Algorithmically driven technologies can also be used for complex, human-centered tasks such as recruiting job candidates and risk assessment tools that attempt to determine a person’s likelihood to criminally reoffend. Given what we already know about algorithms, it will likely not surprise you to know that in both tasks, the algorithms used created biased results. A recent study found that when algorithms were used to target ads for job recruitment, “broadly targeted ads on Facebook for supermarket cashier positions were shown to an audience of 85% women, while jobs with taxi companies went to an audience that was approximately 75% Black,” exacerbating previously existing stereotypes and creating knowledge barriers for entry into different types of work. In the criminal justice case, studies found that software used in several U.S. states to determine the likelihood of criminal re-offense was “particularly likely to falsely flag Black defendants as future criminals, wrongly labeling them this way at almost twice the rate as white defendants.” While it’s tempting to think about algorithms as neutral technologies that take away human errors like bias in complex cases such as these, algorithms have actually been shown to perpetuate existing biases.


Think before you ink

Some legal challenges to unregulated algorithm use are now starting to come forward. In Canada in February of 2021, the Office of the Privacy Commissioner ruled that Clearview facial recognition technology, the same technology used by the RCMP, was an illegal violation of Canadian citizens’ privacy rights. While there are no specific regulations on how facial recognition technologies can be used by Canadian law enforcement, greater regulation is likely forthcoming. Similar legislation calling for transparency about filter bubbles was introduced in the U.S. Congress in 2019, but the bill did not receive enough support to move forward.

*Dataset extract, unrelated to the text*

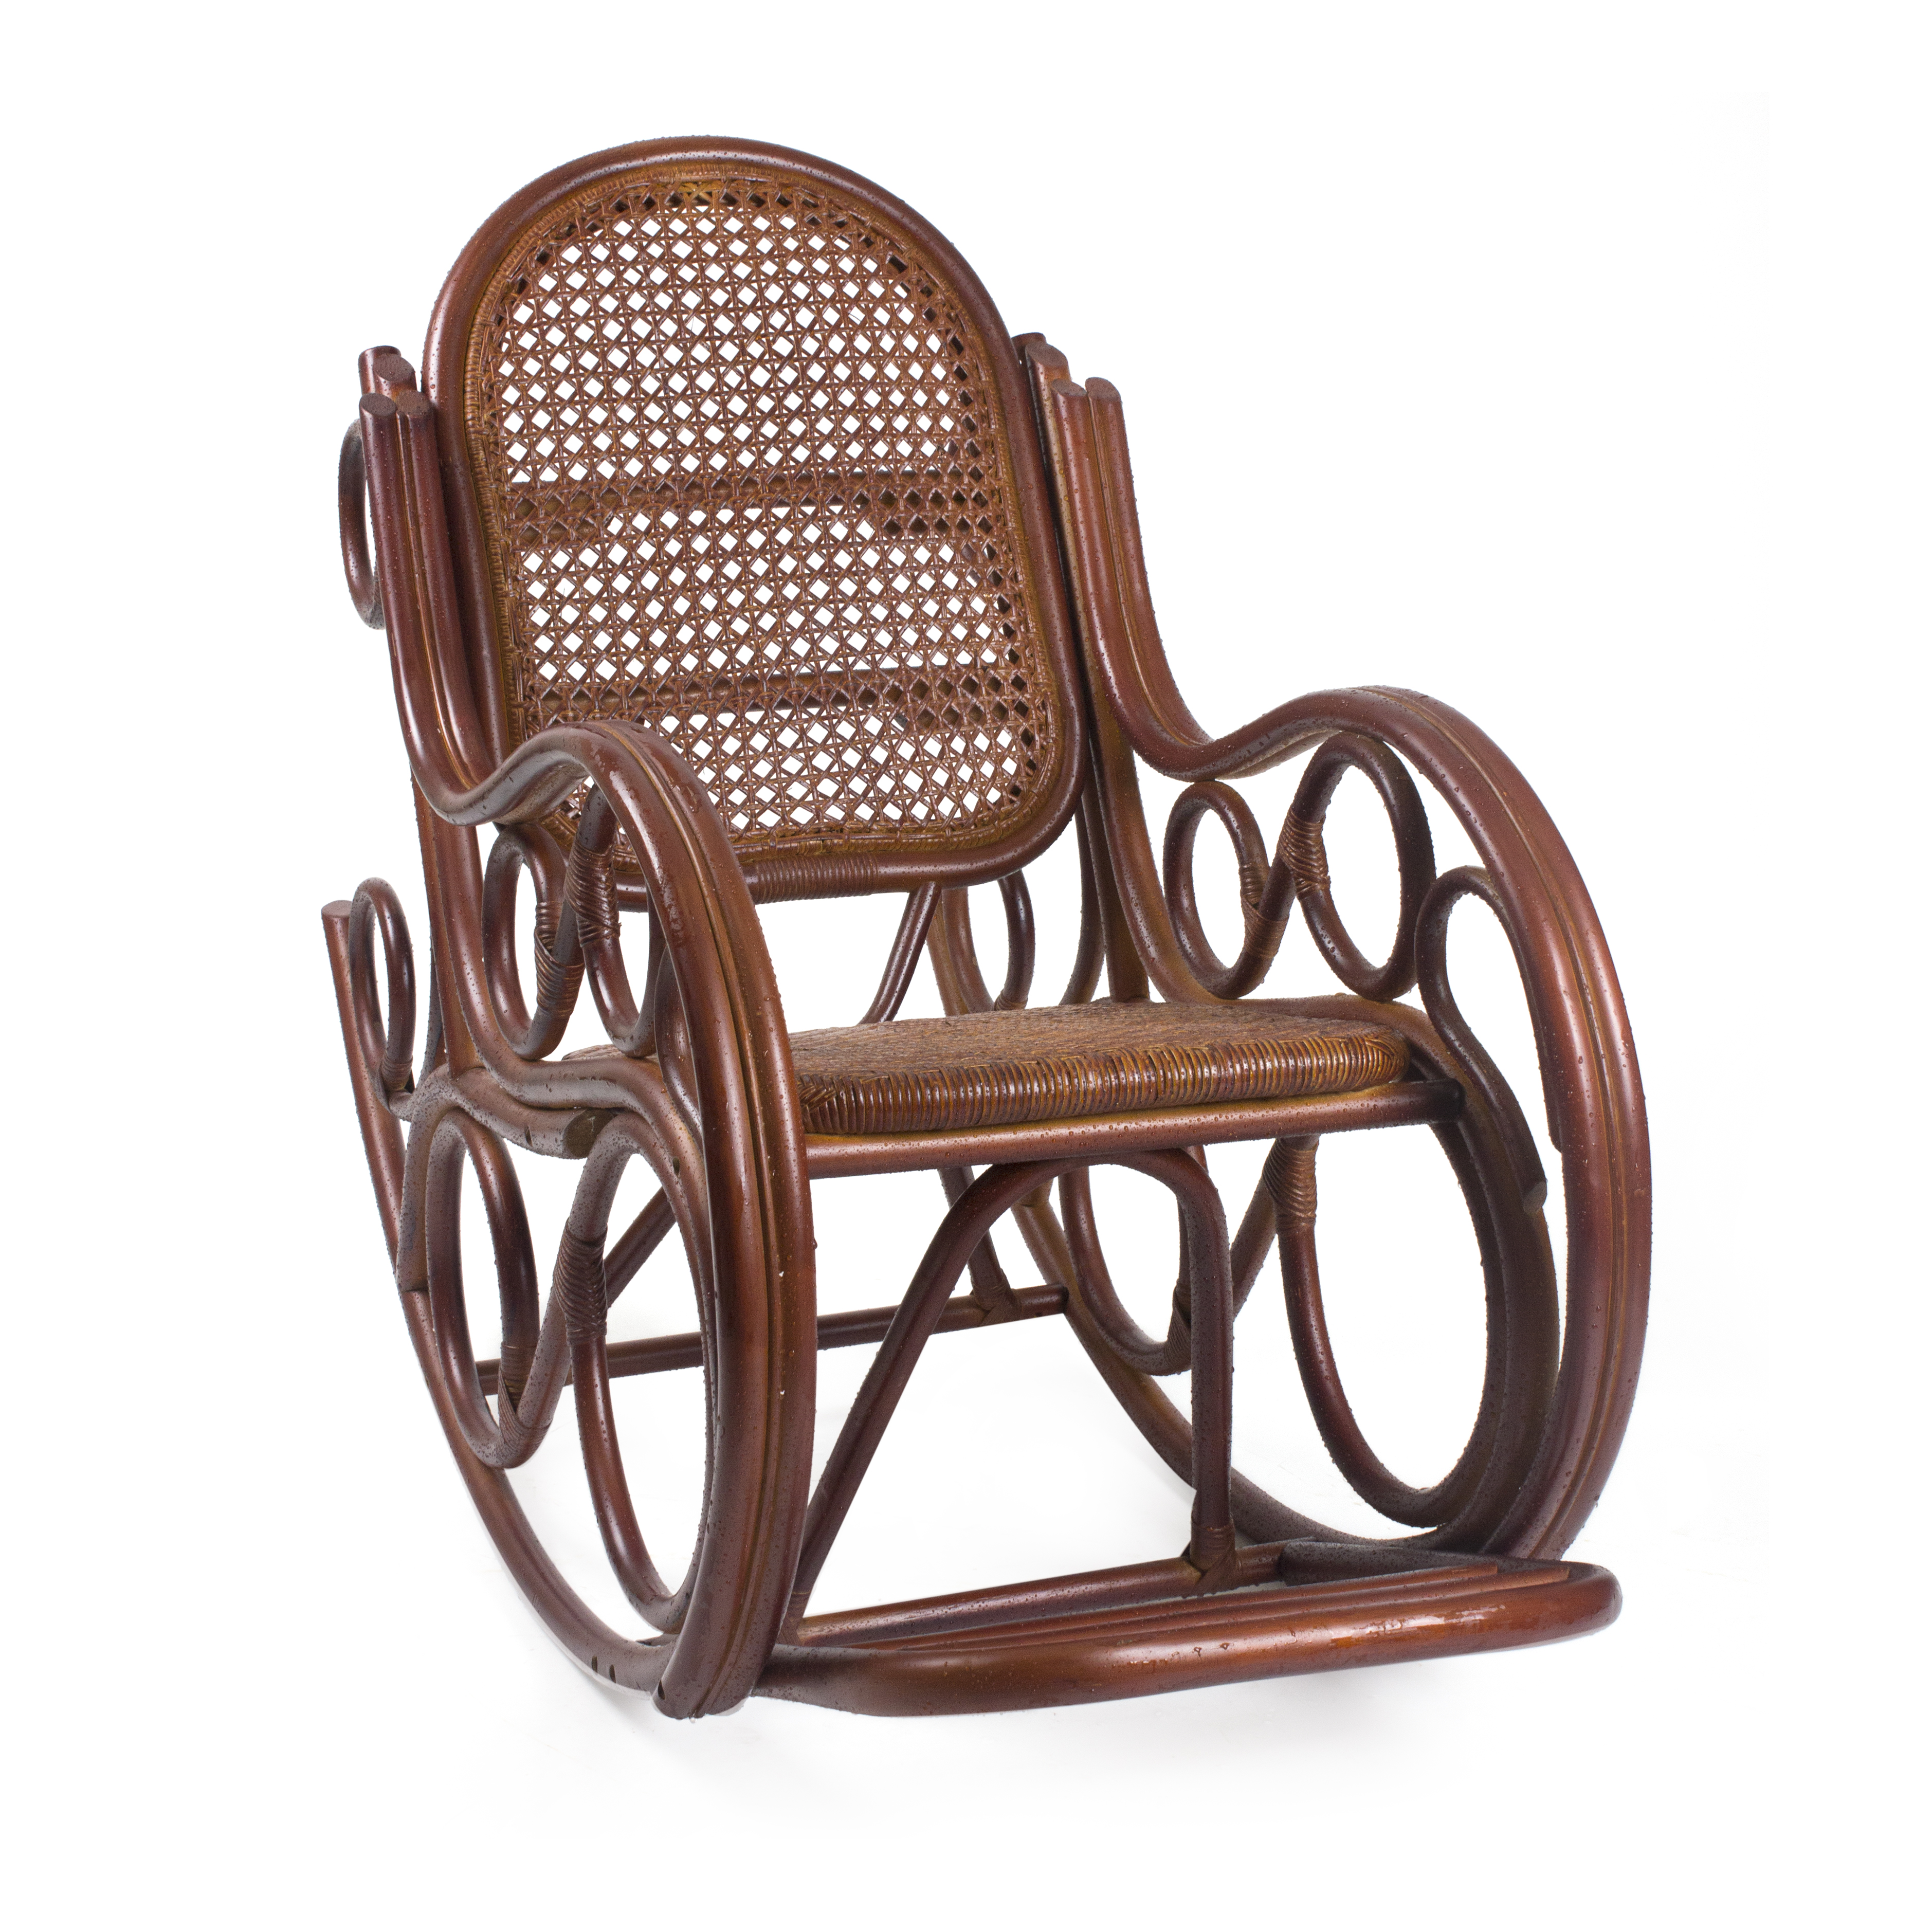 Кресло качалка купить от производителя. Mebel Impex кресло качалка. Кресло-качалка RATTANDESIGN. Кресло-качалка Ведуга. Кресло-качалка из ротанга "05/17 промо" (Promo).

Clearly, a more nuanced and critical conversation around algorithms and their uses is needed in the wider public. Fortunately, these conversations are beginning to happen in both Canada and in other parts of the world. Documentaries like Coded Bias and The Social Dilemma are raising awareness of the biases that can be exacerbated by facial recognition technologies and social media filter bubbles. While algorithmic bias may be a daunting challenge to overcome, engaging with these issues, spreading awareness, and calling for political change by contacting your elected representatives and voting are vitally important ways in which you can actively encourage social and legal change on these issues.


Algorithms are an essential functional component for many online functions, and yet they have potential to be biased in ways that are extremely harmful for marginalized populations. What do you think can be done to combat algorithmic bias?